What it argues
Randy Komisar spent years as a virtual CEO and partner at Kleiner Perkins helping founders build companies, and The Monk and the Riddle draws on that experience to make a case about what startup culture gets badly wrong. The argument is simple but cutting: most people in Silicon Valley are playing what Komisar calls the Deferred Life Plan — working on something they don't care about now so they can become wealthy enough to do what they really want later. Komisar argues this plan is almost always a trap.
The book is structured as a business parable. Komisar meets Lenny, a founder pitching a funeral services e-commerce business. The pitch is technically plausible, the economics are defensible, but Komisar's question keeps getting in the way: why are you doing this? Lenny's honest answer is that he wants the money to eventually do something he loves.
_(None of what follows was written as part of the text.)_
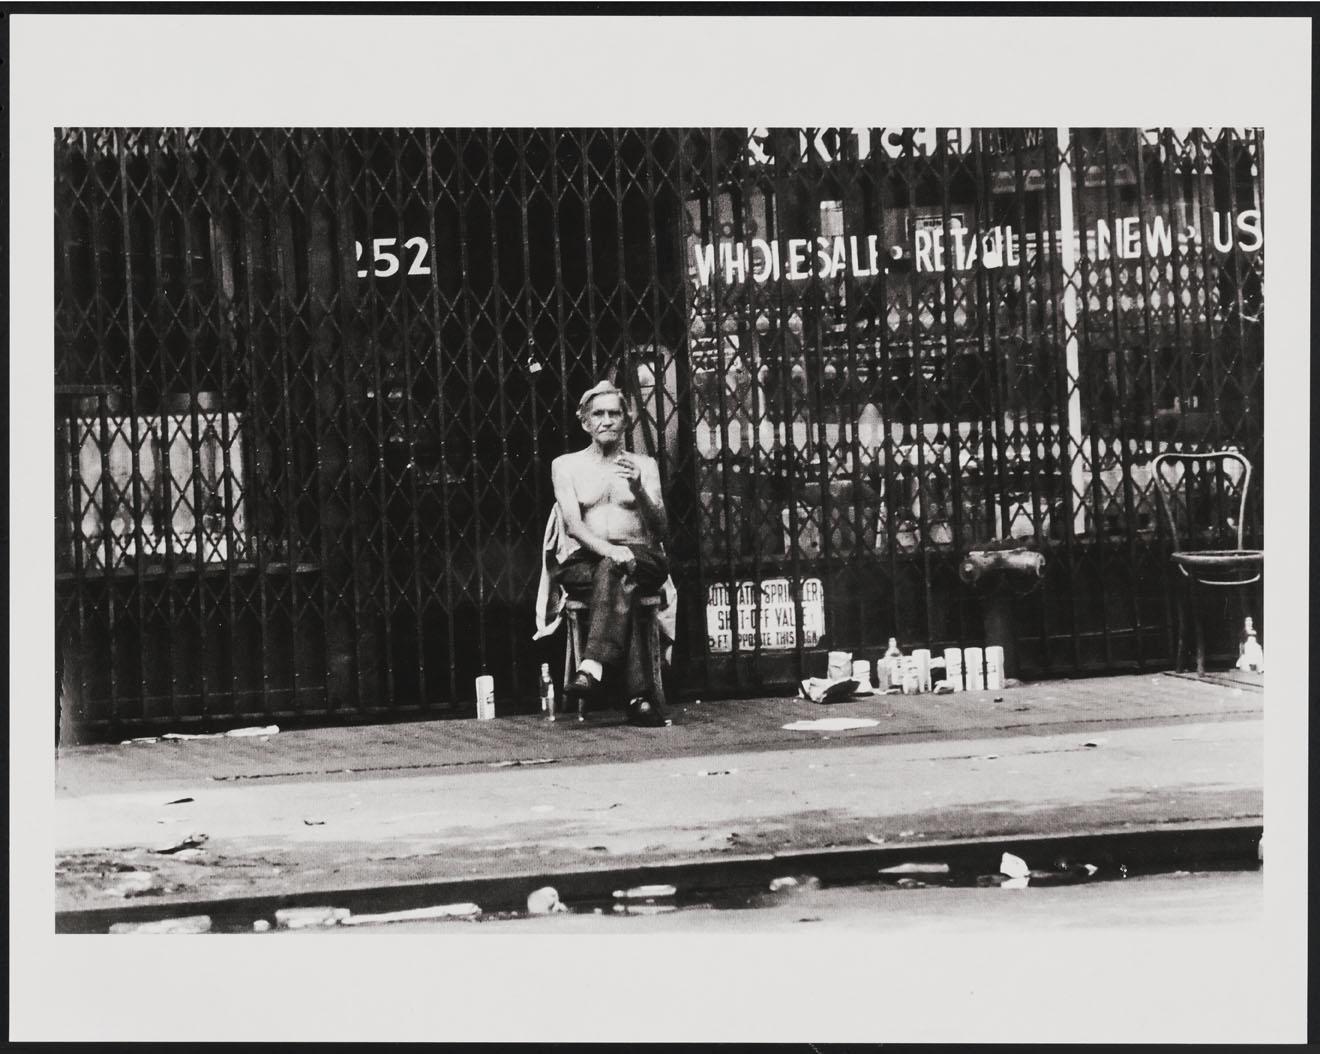 Leland Bobbé, The Bowery, 1974

Komisar uses their conversations, and a subplot about an older mentor named Hawk, to explore the difference between a business built on passion and one built on a financial exit as the end point.
What it gets right
- 1.
The Deferred Life Plan — working on something joyless now in exchange for freedom later — is a common Silicon Valley trap that rarely pays off the way its practitioners expect.
- 2.
Komisar distinguishes passion (the intrinsic drive to do a particular kind of work) from interest (finding a task intellectually engaging). Building a startup requires the former.
- 3.
A business that exists purely as a vehicle to a financial exit tends to produce expedient decisions rather than principled ones, especially when the exit takes longer than planned.
What it covers
Who wrote it
Randy Komisar is a partner at Kleiner Perkins and spent much of his early career in Silicon Valley as a so-called virtual CEO, stepping in to help run early-stage companies without taking formal founder roles. He worked closely with companies including TiVo and WebTV and has advised hundreds of startups. Before The Monk and the Riddle, he served as CEO of LucasArts Entertainment and practiced law after graduating from Harvard Law School. He teaches entrepreneurship at Stanford and has remained one of the more philosophically inclined voices in the venture capital world.